Cada uma das revoluções subsequentes vitoriosas tiveram suas características próprias, mas, em todas elas, houve o rompimento do equilíbrio da classe dominante. Esfacelaram-se os sistemas apodrecidos, seja pela corrupção, seja pela ganância, ou outras desqualidades dos governantes
A realidade é que grande parte disso mudou depois da 2a. Guerra Mundial. O capitalismo em crise viu o socialismo avançar e destruiria o capitalismo, caso não houvesse reformas neste sistema. Era questão de sobrevivência. Começou a GUERRA FRIA.
Alguns gênios do capitalismo tiveram uma visão clara: os trabalhadores deveriam participar desse bolo do progresso. Vale dizer, se transformarem em parte do processo, numa CLASSE MÉDIA.
O que é essa Classe Média? São aqueles trabalhadores que se posicionam entre os donos do capital e seus operários. Engenheiros, advogados e outros profissionais de nível superior, estimulados pelo capitalismo, substituíram os capatazes. Seus status já são de participantes do sistema, do lado do capital.
Henry Ford queria que cada um de seus operários tivesse seu carro próprio. O efeito demonstração e político disso foi imenso.

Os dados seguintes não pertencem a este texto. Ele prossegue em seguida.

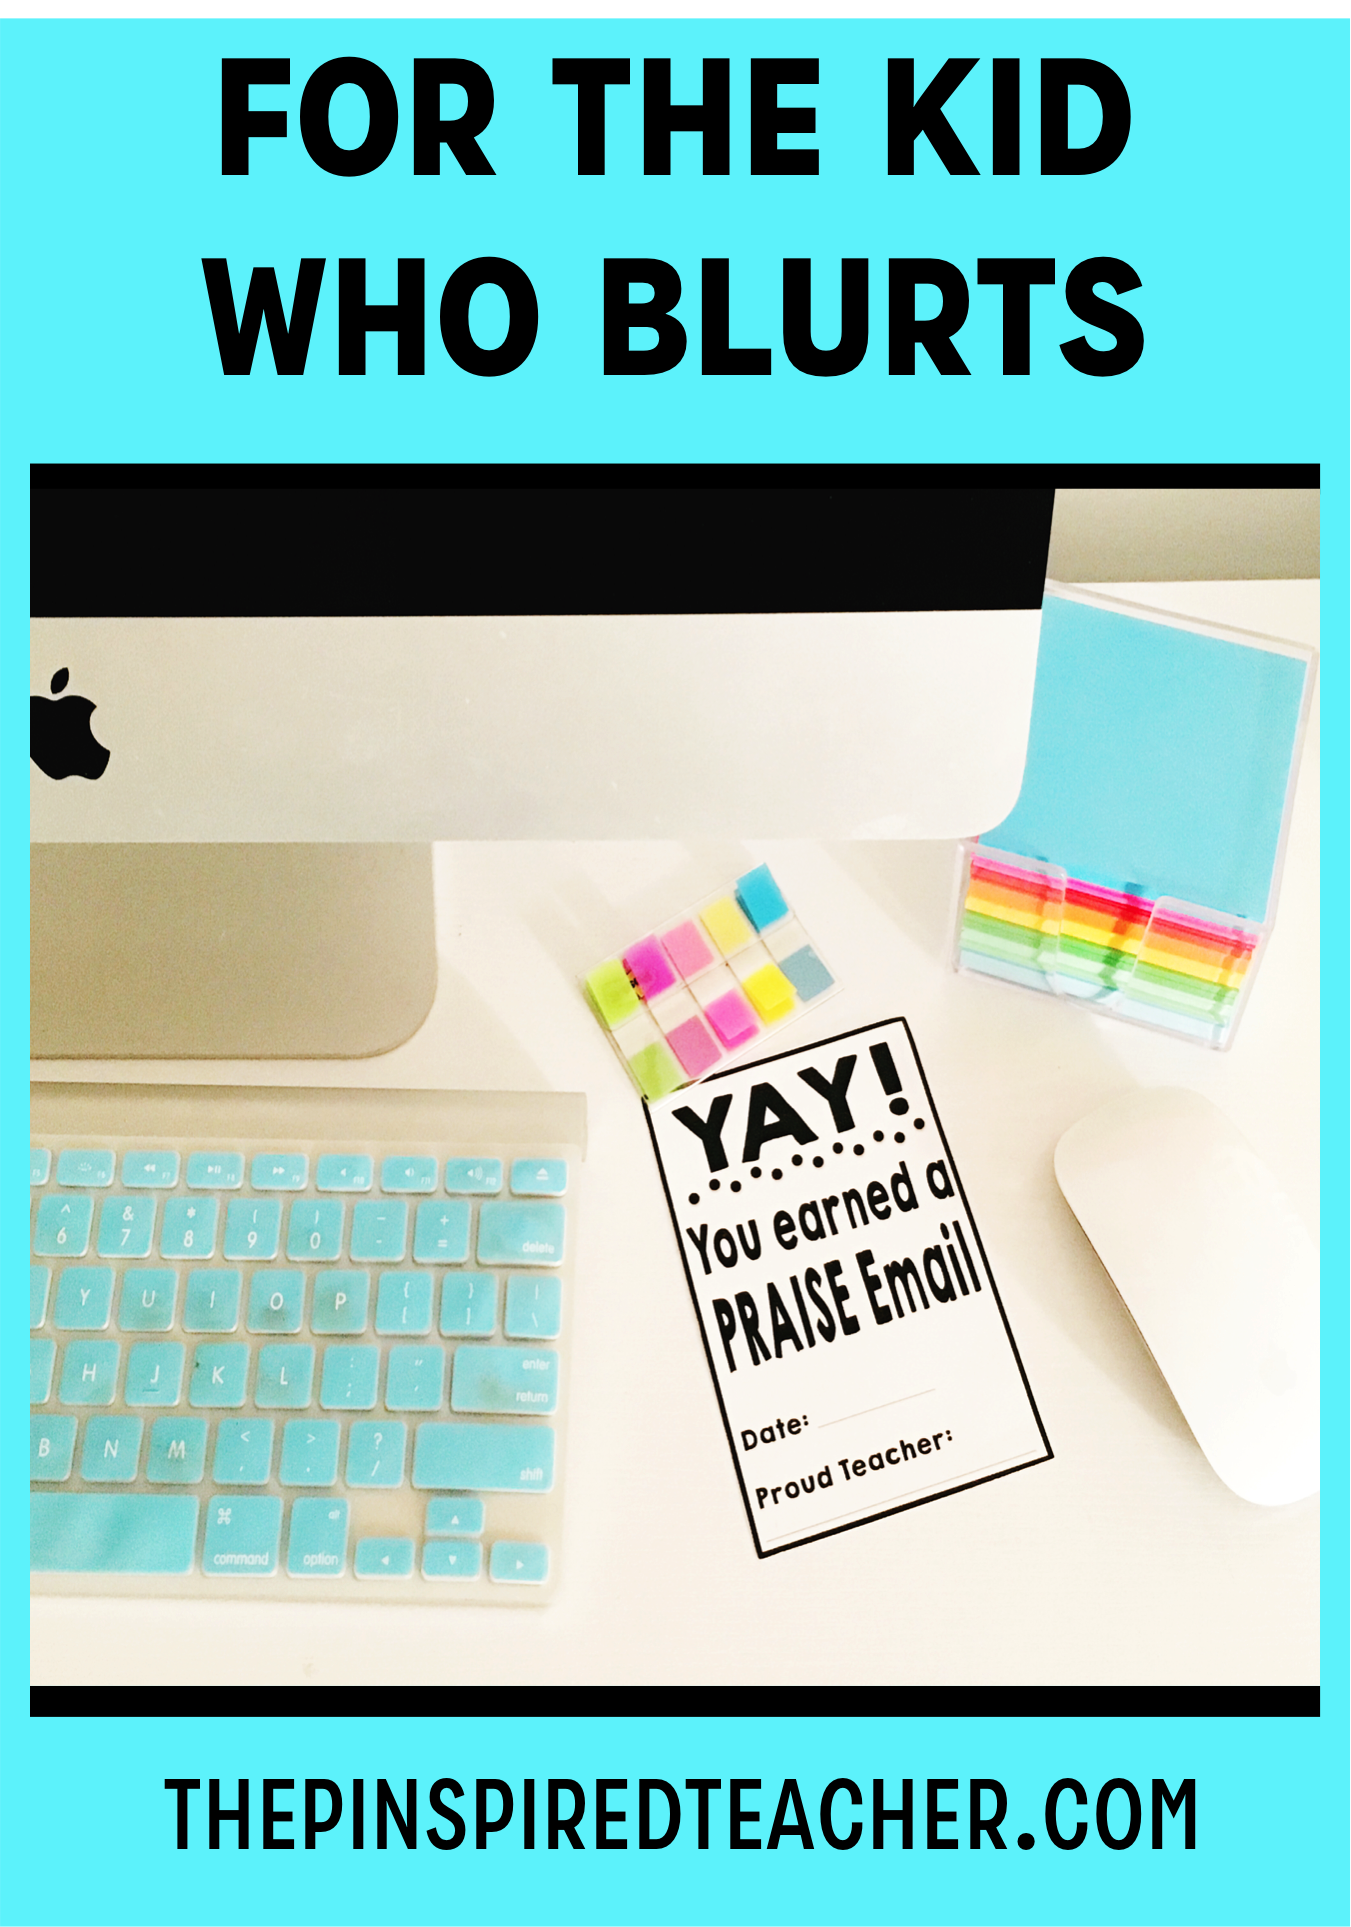 Parent Communication is key even if you send praise emails...that's something. These and more classroom management strategies for the kid who blurts by the pinspired teacher
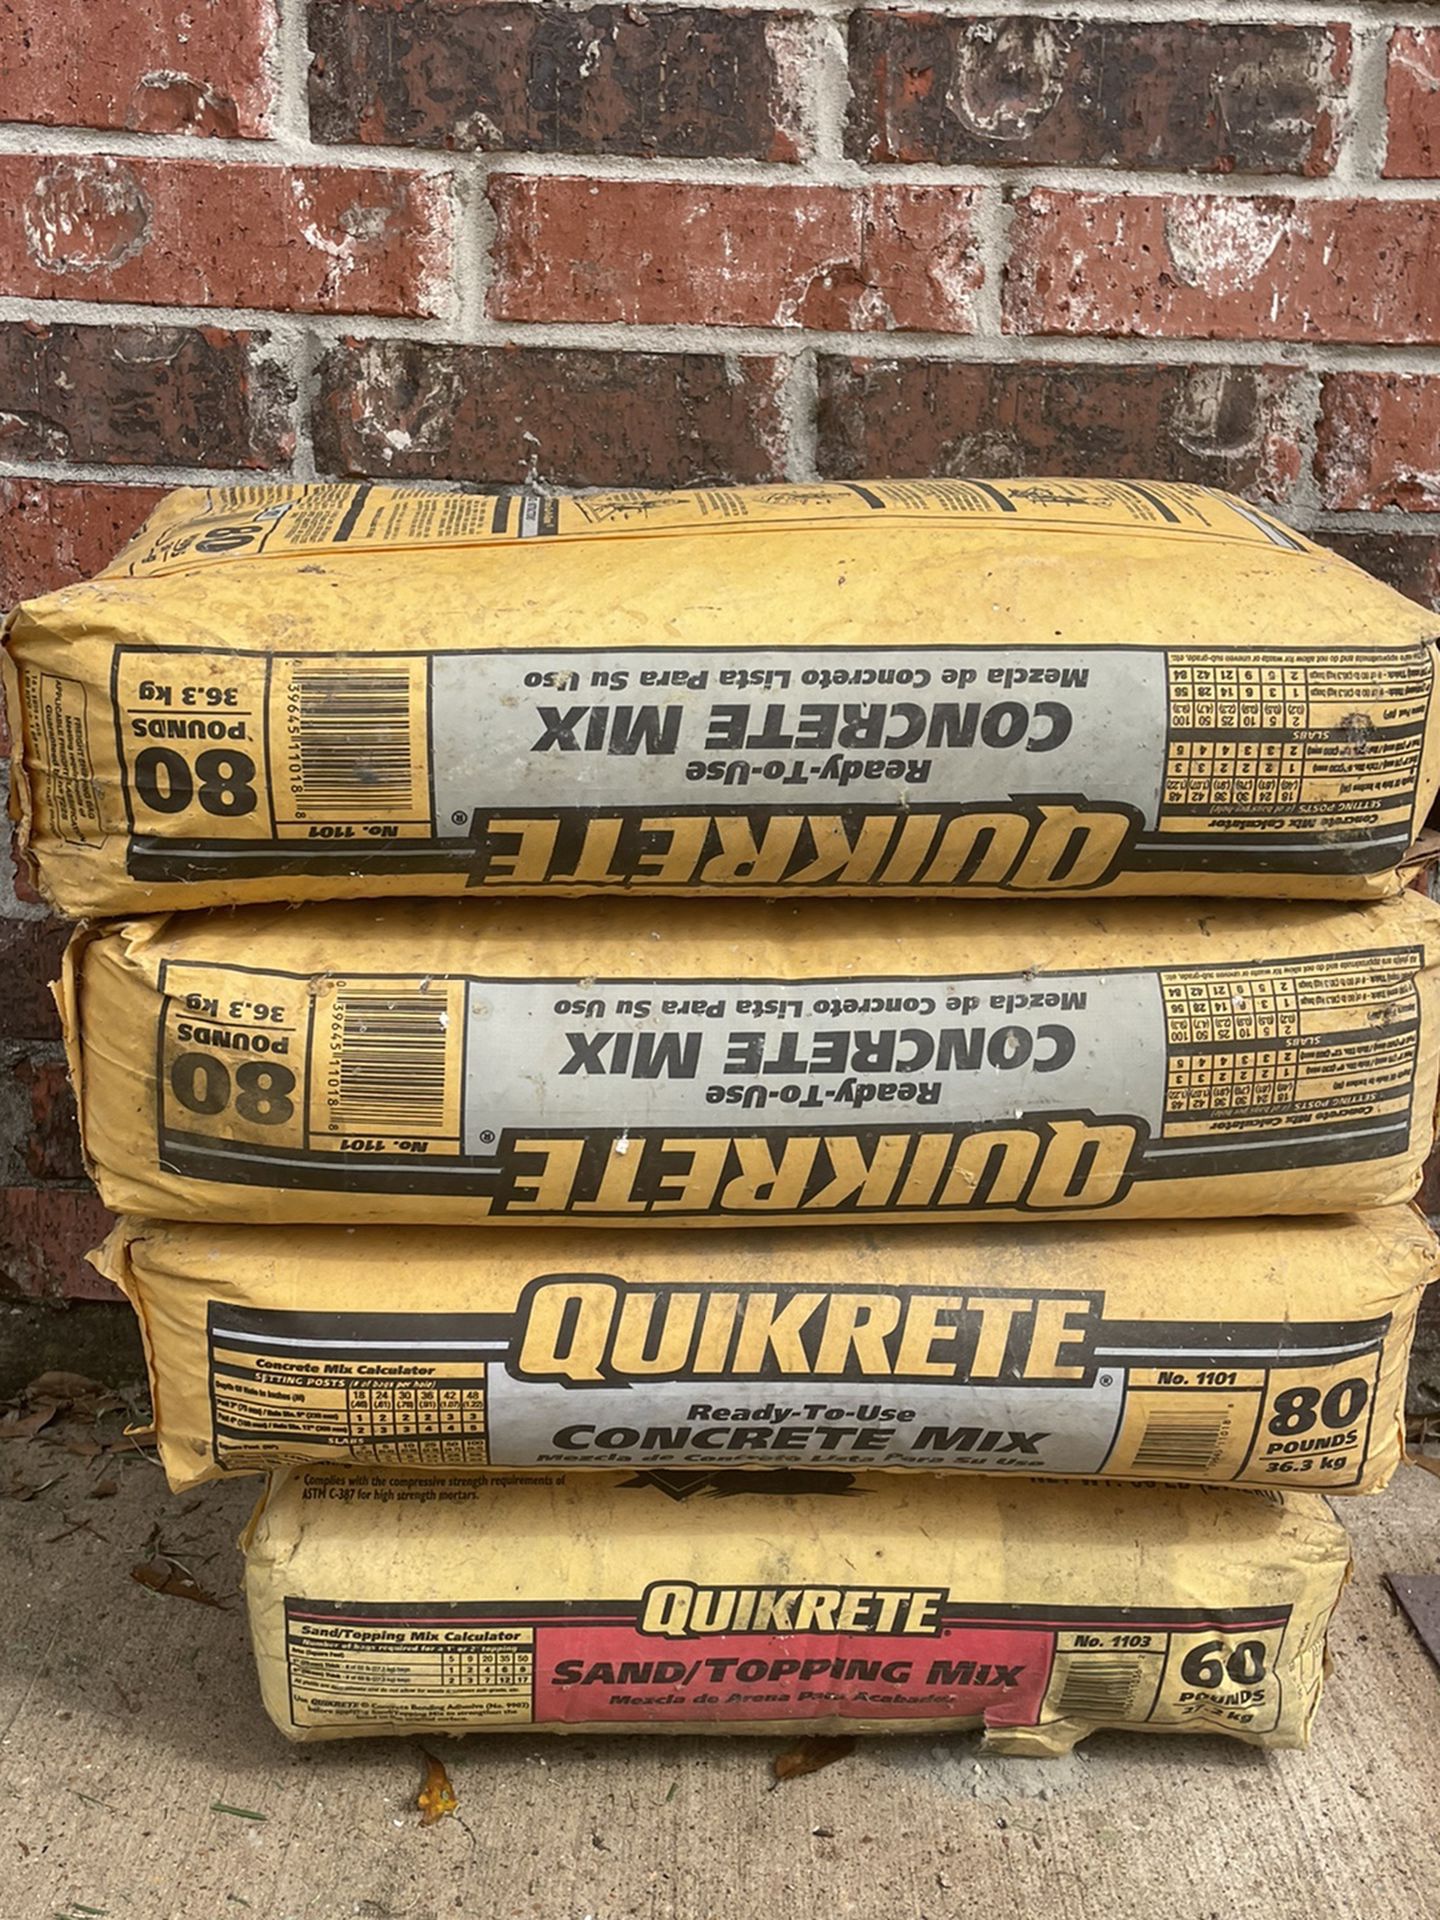 FREE - 3 Bags Of Concrete + 1 Bag Of Sand Mix

Essa Classe Média passou a compor um exército de defesa do capital e do capitalista.Esse sistema tinha tudo a perder com a Ditadura do Proletariado. É uma clara manifestação fascista.
Essa Classe Média virou inimiga desse proletariado e passou a propagar que o comunismo, a Luta de Classes, era coisa do demônio, amparada por religiões.
Além disso, esses gênios do capitalismo bem entenderam que o Estado, com todas as suas forças e poderes, era não mais que um dirigente e protetor da classe burguesa. Entenderam, também, que o Parlamento e a Imprensa eram instrumentos dos que serviam a burguesia para enganar as massas, sendo, ainda, uma arena da luta de classes, onde sabe-se o vencedor por antecipação.
Ainda esses gênios do capitalismo sempre souberam que a Social Democracia NUNCA foi uma força revolucionária e que a burguesia se serve dela para deter qualquer avanço revolucionário, criando, inclusive, Constituições auto protetoras.
Esse é o panorama deste mundo moderno. Não cabem mais sonhos de tomada de poder pelos fuzis dos descamisados, pelas revoluções históricas.
ISSO ATÉ O SURGIMENTO DO VÍRUS. O que será do mundo daqui para frente? Abrem-se dois panoramas:
O primeiro é que tudo continuará como está. Continuaremos lutando por todas as conquistas sociais e econômicas possíveis, da mesma forma desenhada pelos sempre humanistas.
O segundo panorama é INCERTO E NÃO SABIDO. Onde nos levará esse vírus?Quais suas reais consequências? Quão duradouro serão seus efeitos? Quem sobreviverá como classe? O que restara da Classe Média reacionária? Como os fascistas reagirão? O que restará do capitalismo original aqui e no resto do mundo? Como a possível nova sociedade, o novo, se organizará?
Vejam as referências feitas a Adam Smith, Marx e Engels no início desta crônica. Tudo o já dito se aplica aos novos tempos. TUDO PODE SE TRANSFORMAR. A mudança na história nem sempre manda avisos. Fomos todos pegos de surpresa.
Estamos preparados minimante para essa transformação?
É necessário ativar a criatividade. O que e como queremos num eventual novo mundo?